Flink 提供了 8 个 Process Function：

· ProcessFunction ：分流案例

· KeyedProcessFunction ：预警、TopN

· CoProcessFunction

· ProcessJoinFunction· BroadcastProcessFunction

· KeyedBroadcastProcessFunction

· ProcessWindowFunction ：全量聚合

· ProcessAllWindowFunction ：全量聚合

分流案例：

//定义侧流标签
val startTag = new OutputTag[String]("start")
val displaysTag = new OutputTag[String]("displays")
//从输入流中调用processFunction 实现分流
val mainDS = inputDataStream.process(
	new ProcessFunction[输入数据类型，String](context:...,collector:...){
        //侧流数据输出方式
        context.output(displaysTag, i) 
        //主流数据输出方式
        collector.out(i)
    }
)
//输出主流
mainDS.print()
//从主流当中提取侧流,需要传递侧流标签，提取对应的侧流
mainDS.getSideOutput(startTag).print()

温度预警案例：

 ValueState[T]保存单个的值，值的类型为 T。
//创建状态变量
lazy val state: ValueState[T] = getRuntimeContext.getState(new ValueStateDescriptor[T]("wendu", classOf[T]))
//从状态取值
o get 操作: ValueState.value()
//赋值
o set 操作: ValueState.update(value: T)


 ListState[T]保存一个列表，列表里的元素的数据类型为 T。基本操作如下：
lazy val state: ListState[T] = getRuntimeContext.getListState(new ListStateDescriptor[T]("wendu", classOf[T]))
o ListState.add(value: T)
o ListState.addAll(values: java.util.List[T])
o ListState.get()返回Iterable[T]
o ListState.update(values: java.util.List[T])

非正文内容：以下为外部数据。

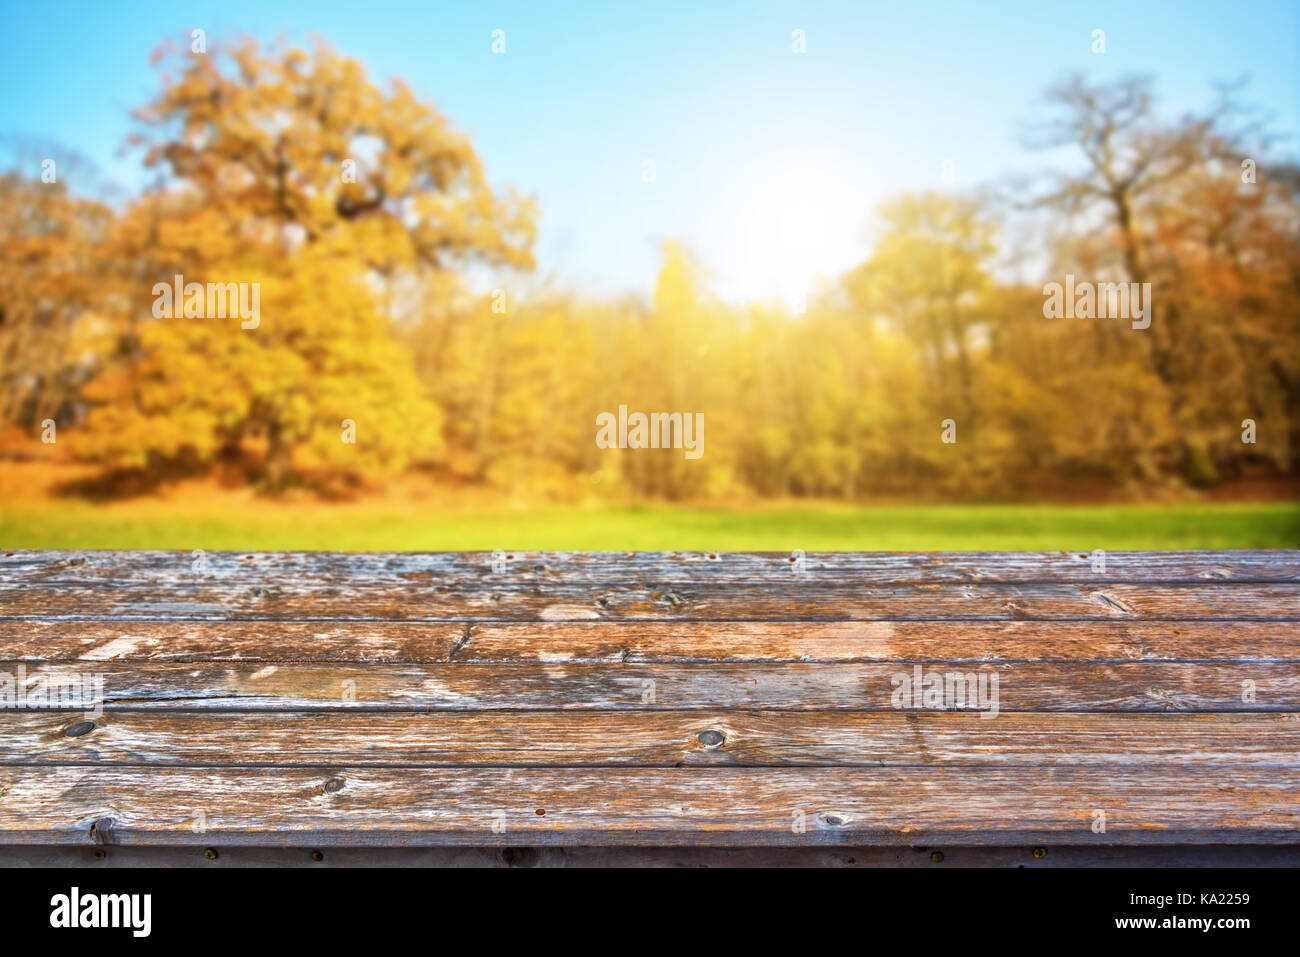 Leere Holz- Tischplatte, sonnigen Wald im Herbst Hintergrund, bereit für die Anzeige oder Montage ihrer Produkte zu verwenden Stockfoto

 MapState[K, V]保存 Key-Value 对。
  lazy val state: MapState[String,Double] = getRuntimeContext.getMapState(new MapStateDescriptor[String,Double]("score", classOf[String], classOf[Double]))

o MapState.get(key: K)
o MapState.put(key: K, value: V)
o MapState.contains(key: K)
o MapState.remove(key: K)

 ReducingState[T]
 AggregatingState[I, O]

定时器：

//注册事件时间定时器
ctx.timerService.registerEventTimeTimer6(未来时间戳) 5:00
//删除定时器6
ctx.timerService.deleteEventTimeTimer(设置定时器时候的时间戳) 5：00
//定时器时间到了会自定执行定时任务，定时任务是一个方法（回调方法99）
onTimer()*{
    //预警
}

TopN案例：

窗口TopN:

非聚合TopN:例如：求每5秒每个学生考试最高的三次成绩

.key()
.window()
.process(new ProcessWindowFunction[.....]( elements:窗口集合){
    	elements.sortby.take()
})

聚合之后TopN（重点掌握）: 求每5秒平均分最高的三个学生及其平均分

//第一步：先对窗口聚合：
.key()
.window()
.process(new ProcessWindowFunction[....](elements:窗口集合)){
    elememts.平均/求和/次数/最大/最小 等聚合
    out.collect((start,end,key,聚合值))
}
//第二步：按照窗口时间分组
聚合DS
.keyby(开始时间或者结束时间)
.process(new KeyedProcessFunction[key,in,out](){
    val listState = //用户收集每个窗口的聚合结果
    processElememt(i:输入数据,context,out){
        listState.add(i)
        //注册定时器为窗口结束时间加一点点时间
        context.timeService.registerEventTimeer(窗口结束时间+n)
    }
    
    onTimer(){
        listState.asScala.toList.sortBy().take(3)
    }
})

实时TopN：

没有经过聚合求TopN，例如：实时每个学生考试最高的三次成绩。略：

聚合之后的TopN: 例如：实时求平均分最高的三个学生及其平均分。

//第一步：聚合
val topn: DataStream[String] = avgDS
    .map(x => ("all", x))
    .keyBy(_._1)
    .process(new KeybyTopNProcess)
//第二步：topn
class KeybyTopNProcess extends KeyedProcessFunction[String,(String,(String,Double)),String] {

  lazy val state: MapState[String,Double] = getRuntimeContext.getMapState(new MapStateDescriptor[String,Double]("score", classOf[String], classOf[Double]))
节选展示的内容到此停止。